Il mio Festival dei Minchioni

Con la cultura abbiamo capito che si mangia, ma si mangia a scapito del più debole, del soggetto privo della possibilità di poter giungere direttamente e liberamente al piatto nel quale è riposto il cibo. E’ un emblema del sistema in cui viviamo. E’, in senso lato, la piramide alimentare. E’ un errore strutturale – molto – italiano, dove la casta (qualunque essa sia, in qualsiasi campo ci arrabattiamo) è regia, scenografia, tecnico delle luci, fino a bigliettaio e venditore di popcorn prima di entrare in sala.

Io cerco sempre delle regole. Principalmente in un campo promiscuo e sovrappopolato come quello della letteratura.

Se internet ha aperto delle porte, negl’ultimi anni queste sono state sradicate insieme alle pareti, rendendo tutto un pappone senza condimenti né serietà di contenuto (ricercato); universalmente.

In generale, in positivo riscontriamo l’informazione, la divulgazione, la rapidità e la possibilità virtuale di essere ovunque e con chiunque.

Nei contenuti, però, si riscontra una globale confusione. L’incertezza, le troppe proposte quasi tutte a tinta unita, la violenza finanziaria di determinati prodotti, che sbandierano il termine libertà come religione ma traducendolo in una sorveglianza costante a scopo personale o di mercato, rendono questo importante complesso una sfida o un luogo per “perderci tempo”. La soluzione è pratica: riconoscere e frequentare il buono, trascurando il superfluo e l’inutile.

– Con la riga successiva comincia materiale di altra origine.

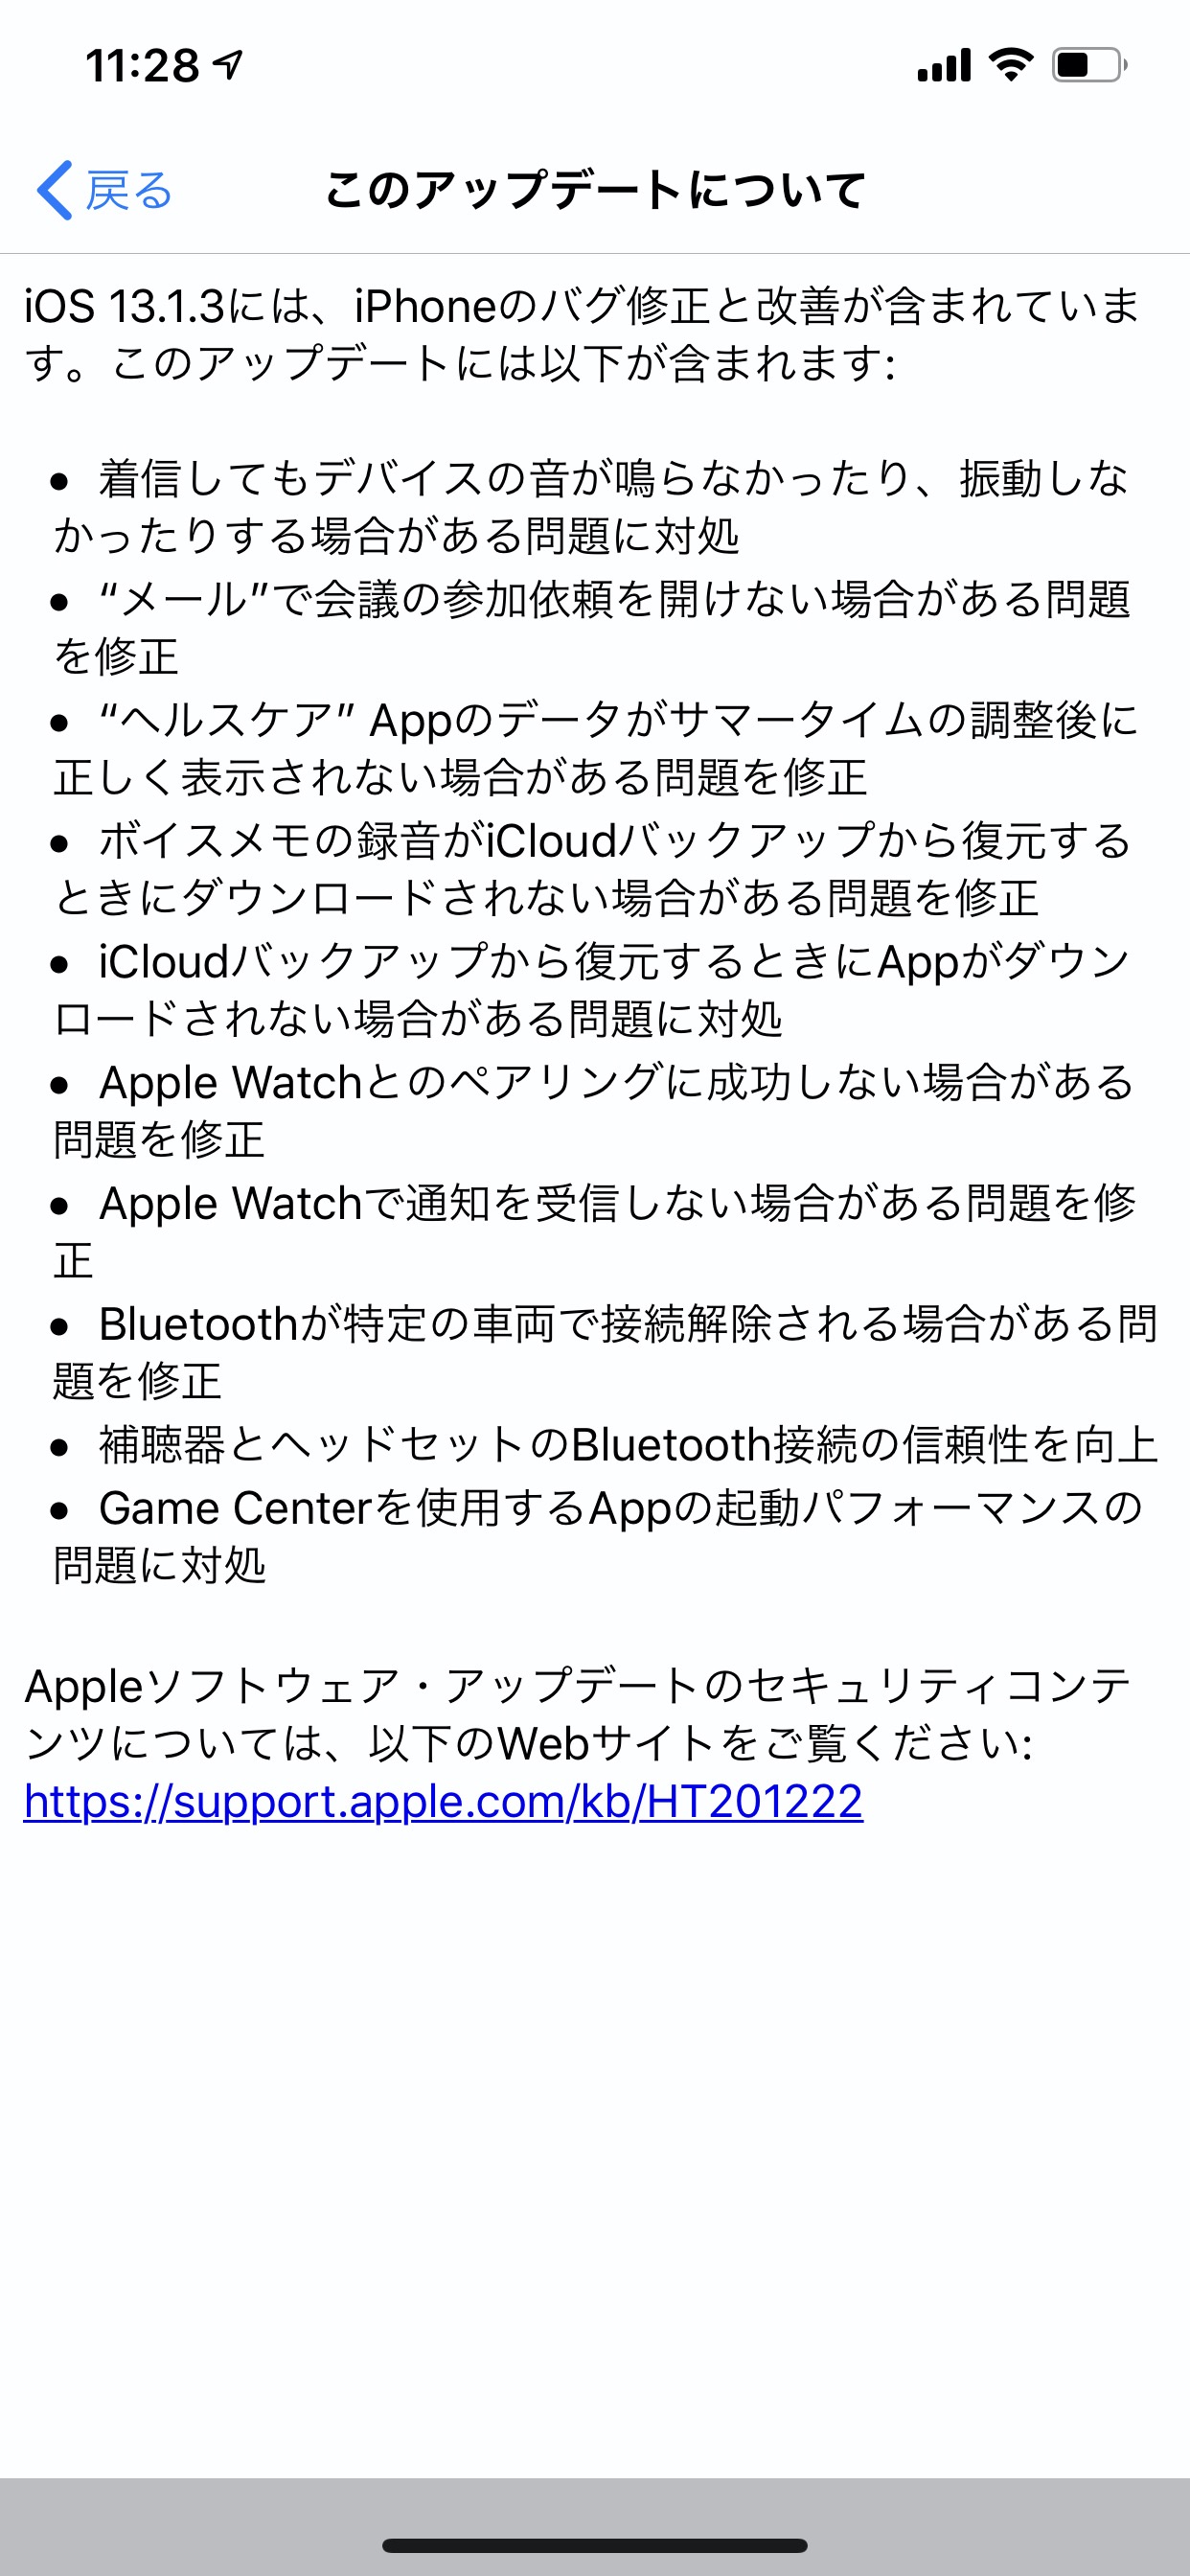 【iOS 13】バグ修正や改善が含まれる「iOS 13.1.3 ソフトウェアアップデート」リリース

Ma in un mondo dove si indottrina ad apprezzare il superfluo, tralasciando il senso e il valore umano/sociale dell’Oggetto, come fare?

Camminiamo su di un piano emozionale e spregiudicato. Ogni cosa, la parola in sé, è divenuta mercato. Non importa il valore artistico, la ricerca scientifica del linguaggio, l’intenzione parossistica, lo studio o il livello di preparazione, l’importante è avere il denaro per poterlo fare. Certo, la bravura è premiata – a lungo andare. Ma qui si cade sul pantano dei giovani. Suddetti, soggetti a un movimento globale di prostituzione mediatica, soggiogati da “tante belle parole” pubblicistiche e tecnologiche, vivono un processo di violenza perpetuato da un mercato interessato unicamente al valore materiale del prodotto e non di quello spirituale (cioè umano/sociale).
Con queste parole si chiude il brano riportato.